Yitongyue (Lilian) L.

Andalusia has countless special Spanish dishes: Jámon, Tortilla, Paella, Migas, Salmorejo, and Piononos.  As the capital of Andalusia with over ten centuries history, Seville is the spot of trying and learning southern Spain cuisine.  Ciee Seville organizes four cooking workshops for its students throughout the week before finals. Although students may not bring everything they love about Seville back to the states, they could bring the flavor of Seville home and cook for their families and friends. As the cooking workshop takes place in the studio of “Taller Andaluz en Triana,” students are ready to learn and record the steps of making the “perfecto”paella.

Paella is a traditional and symbolic Spanish dish originated from Valencia. It has different types and normally is made with rice, saffron, meat or seafood, garlic, onions, peas, tomatoes or other vegetables.

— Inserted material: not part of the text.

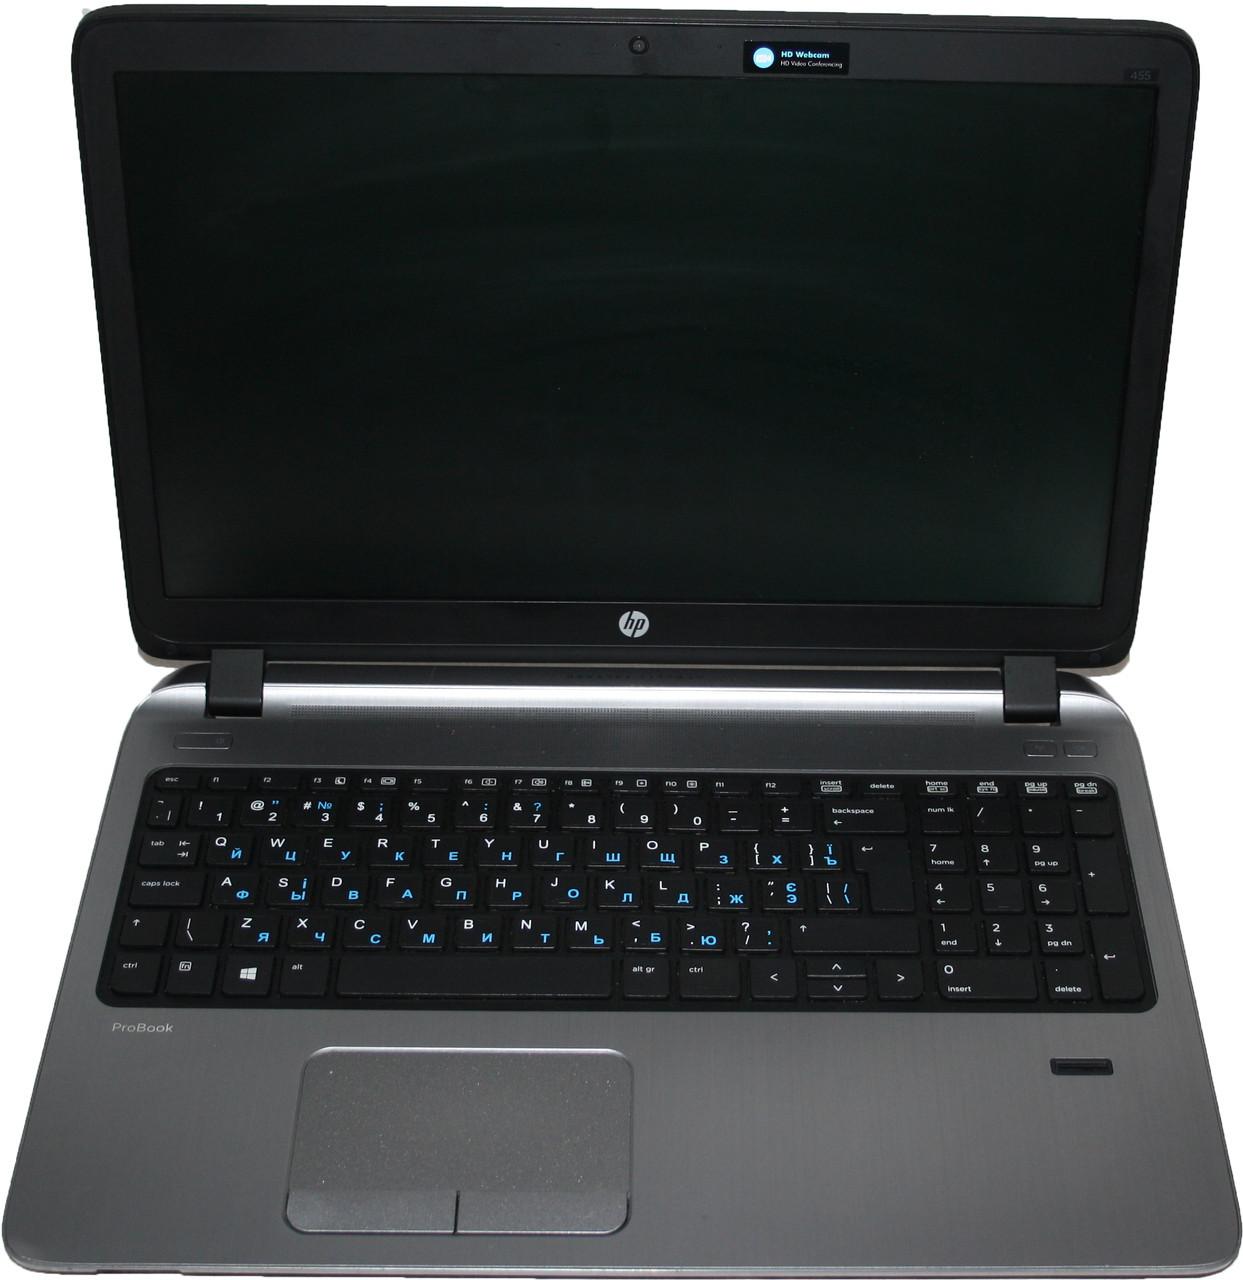 Ноутбук Б/У HP 455 G2 AMD A8-7100 /RAM 4GB/ HDD 500

It is cooked in a wide and shallow pan, which has  a diameter from 20 cm to 60 cm, depending on the number of people it serves.

Today, students are instructed on how to make a chicken paella. Each of them has their own aprons, cutting boards, and cooking tools. In the middle of the counter, the chief already sets up a giant pan and a pot filled with water aside. First, he demonstrates how to de-boned a complete chicken, then, students peel and cut basic ingredients for making the chicken broth which includes: garlics, green onions, and artichokes.

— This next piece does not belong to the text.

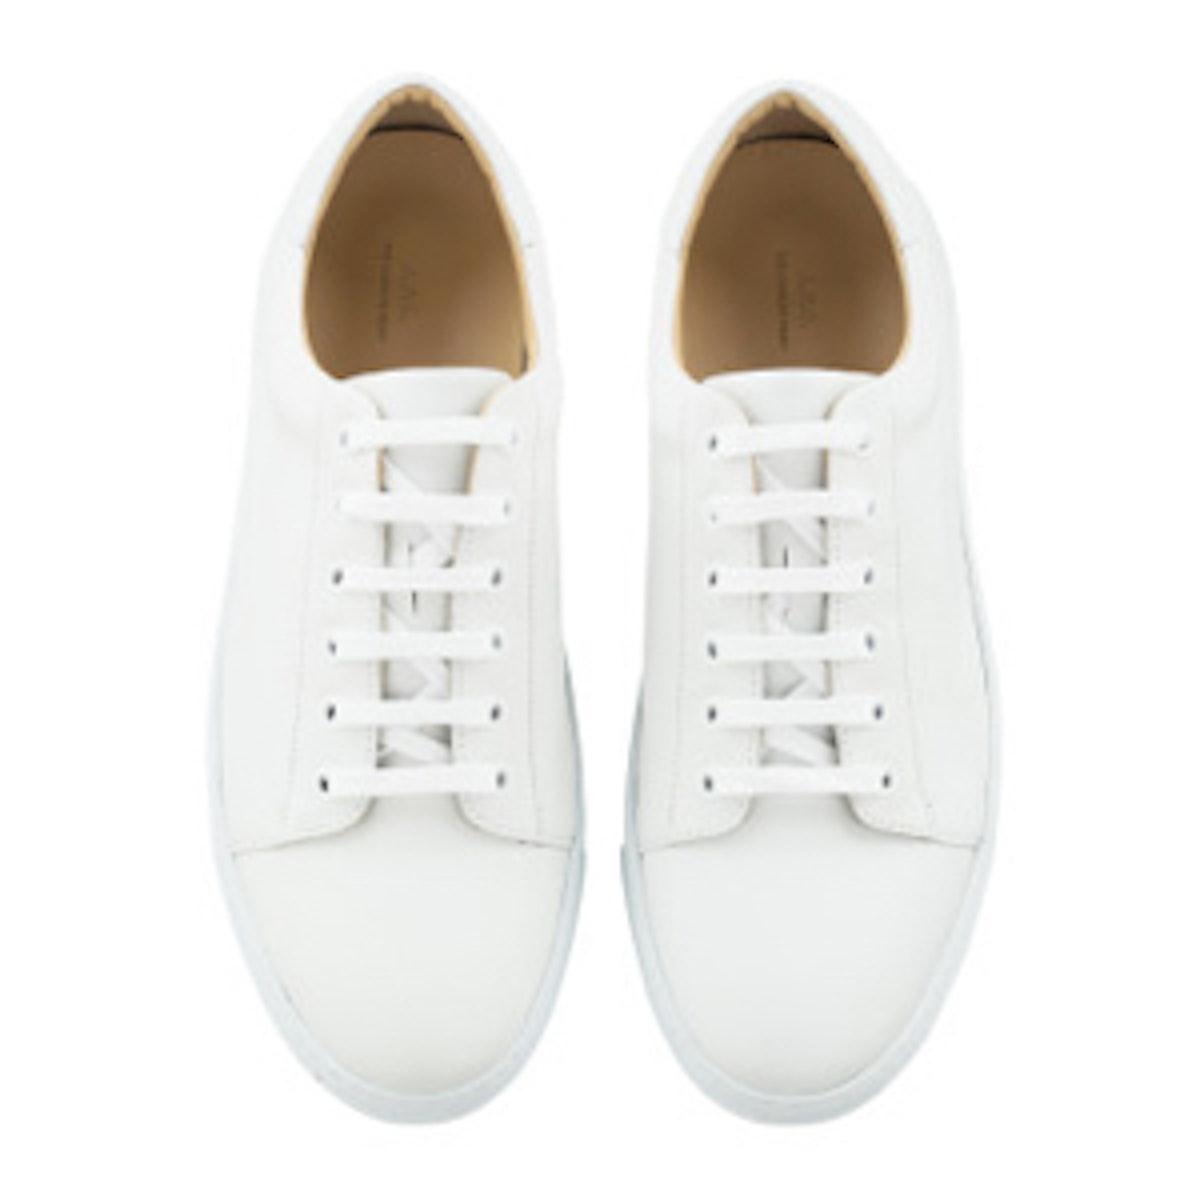 Steffi Tennis Shoes

After 30 minutes ish,  when the chicken is mostly cooked, the chief puts the chicken broth aside. The chicken is put into the pan filled with heated olive oil.  Students add the green peas and the rest of artichokes into the pan. While some students stir frying,  a bowl of special sauce mixed with smoked paprika is added as well. Then the chief filters some chicken broth into the pan. Before putting into rice, the paella looks more like a soup than a dry dish. The chief takes out tinfoil and covered the entire pan, after,  everyone starts making potato salad.

After 10 minutes, the tinfoil is removed and rice is added carefully in the middle of the pan. The chief adds the rice three times in total. Each time he starts from the middle by using hands and then flattens the rice with a ladle. The final step is to cover the pan with tinfoil again and wait for rice to get cooked. “One important thing is do not stir the rice because we do not want its starch.”

As students finished cooking potato salad, the big project is done as well.  The paella  has no left water  in it and a flavor of combined rice, chicken and vegetables suddenly disperse in the entire room. In this chilly evening before the final exams and departure, students sit together talking, laughing and having fresh paella and potato salad they cooked. What a night!